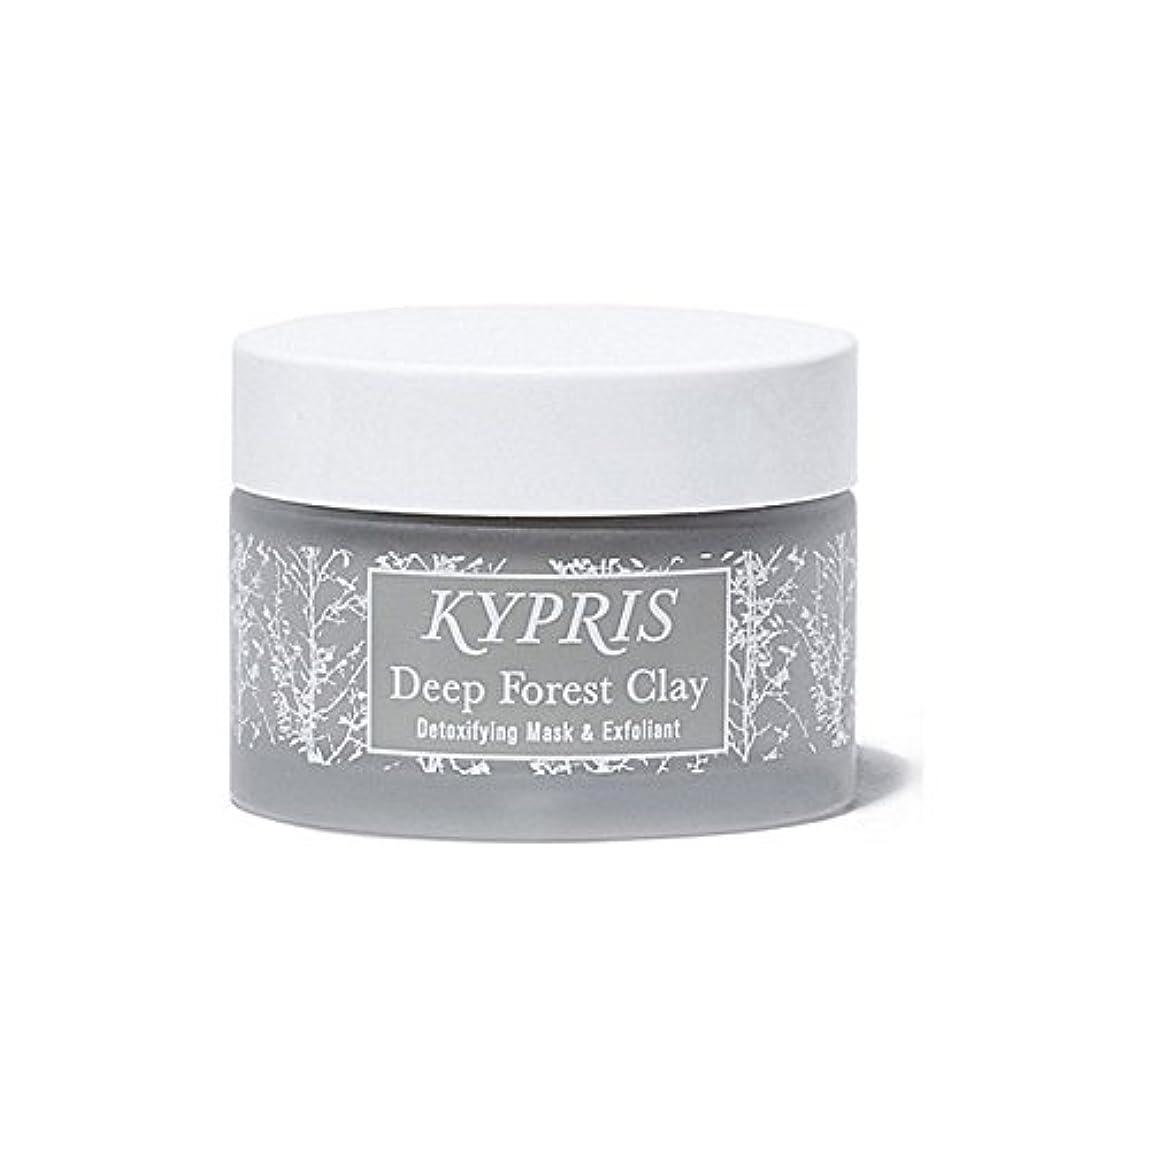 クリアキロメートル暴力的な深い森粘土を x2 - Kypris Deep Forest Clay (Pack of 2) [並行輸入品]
--
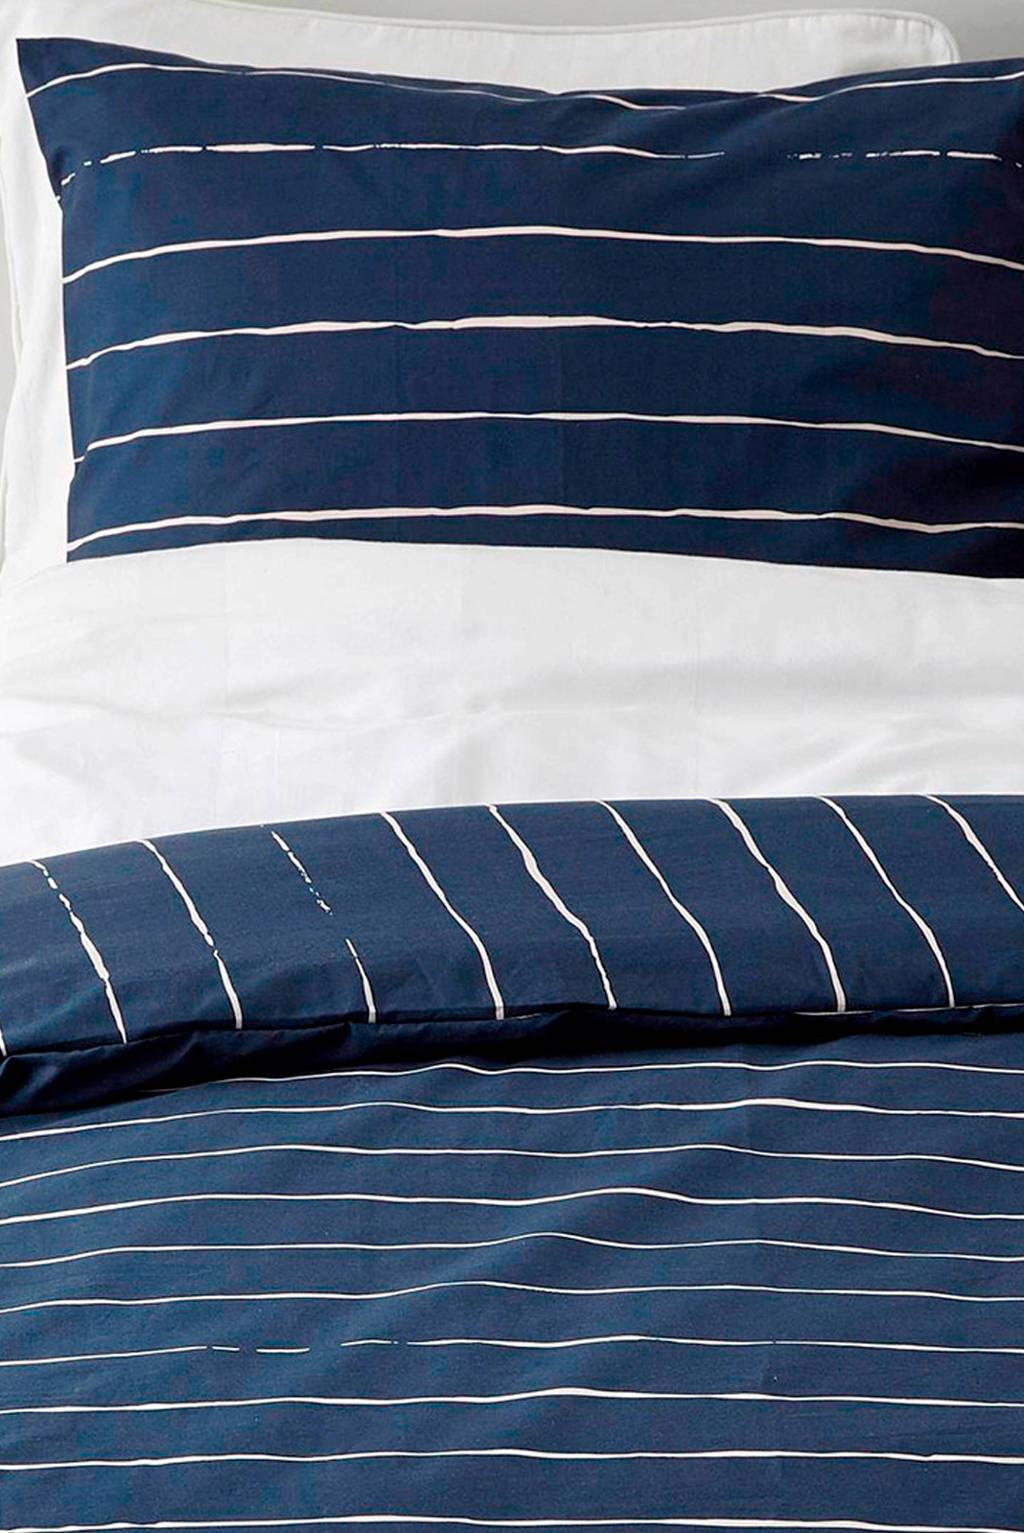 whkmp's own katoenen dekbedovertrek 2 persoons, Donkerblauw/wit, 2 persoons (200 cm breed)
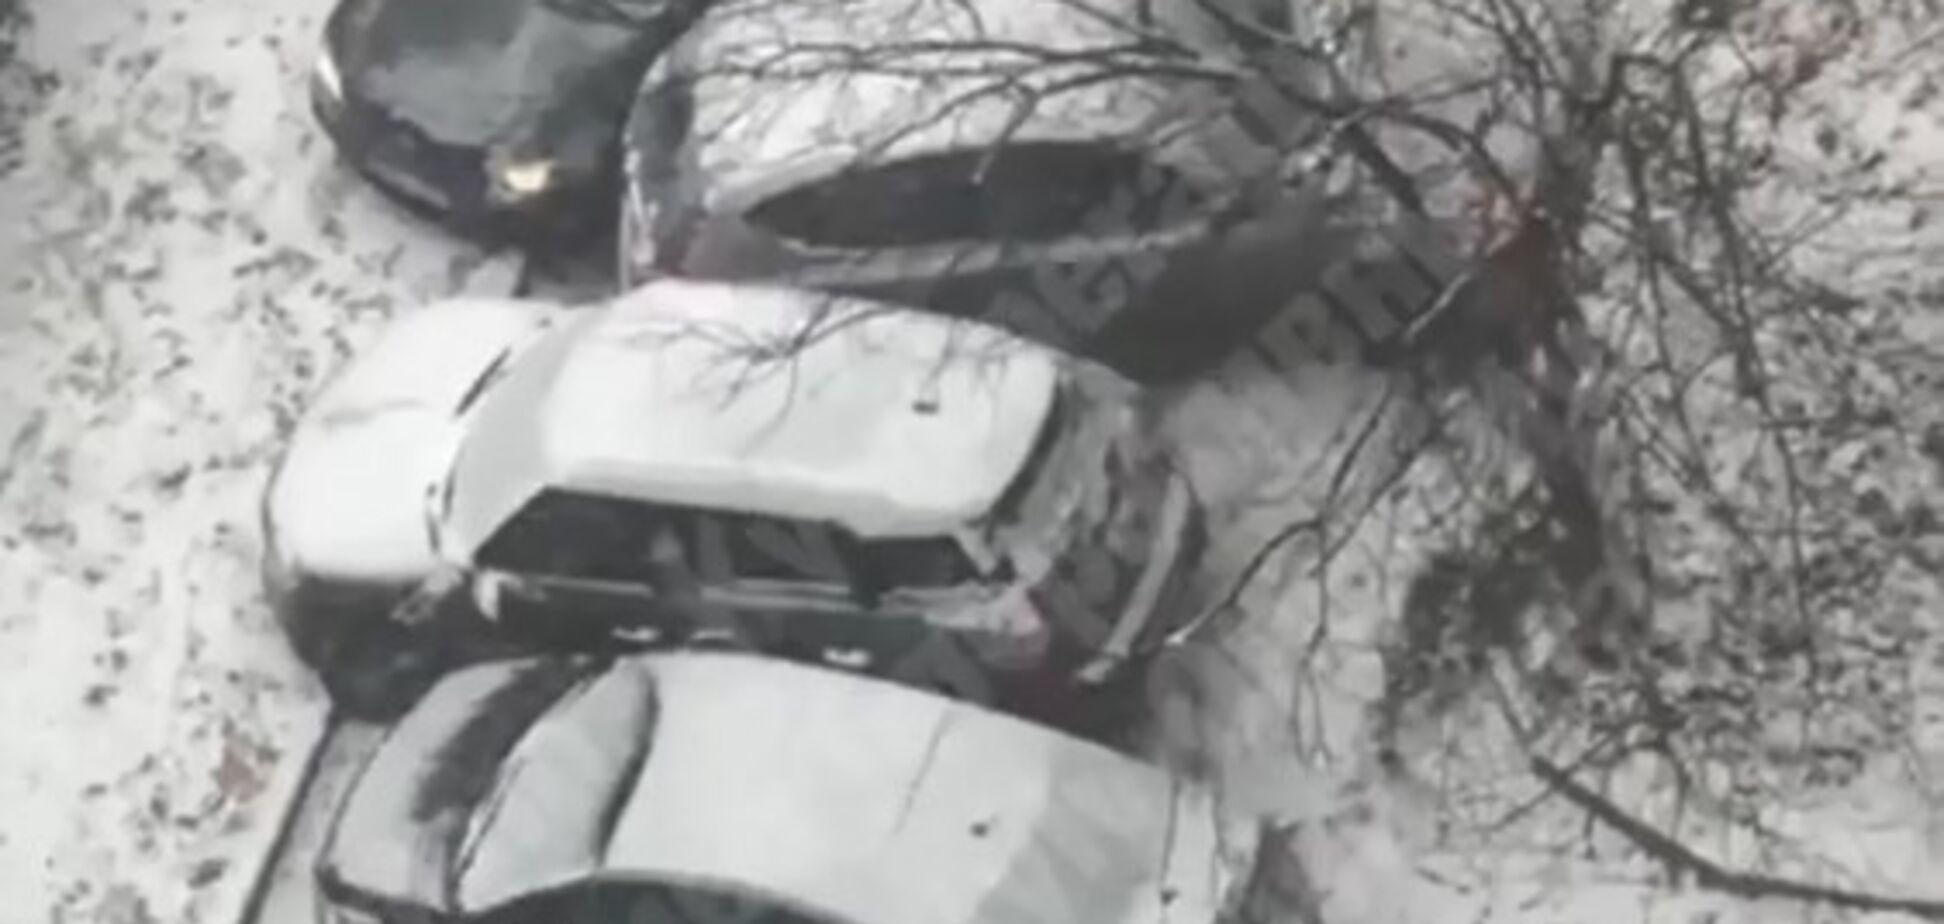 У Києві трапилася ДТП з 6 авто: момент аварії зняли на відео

# Task:
Within the listing above, extract exactly the lines that run from the one containing "whkmp's own katoenen" through the one containing "У Києві трапилася", excluding any pictures.

# The completed task:
 whkmp's own katoenen dekbedovertrek 2 persoons, Donkerblauw/wit, 2 persoons (200 cm breed)
 У Києві трапилася ДТП з 6 авто: момент аварії зняли на відео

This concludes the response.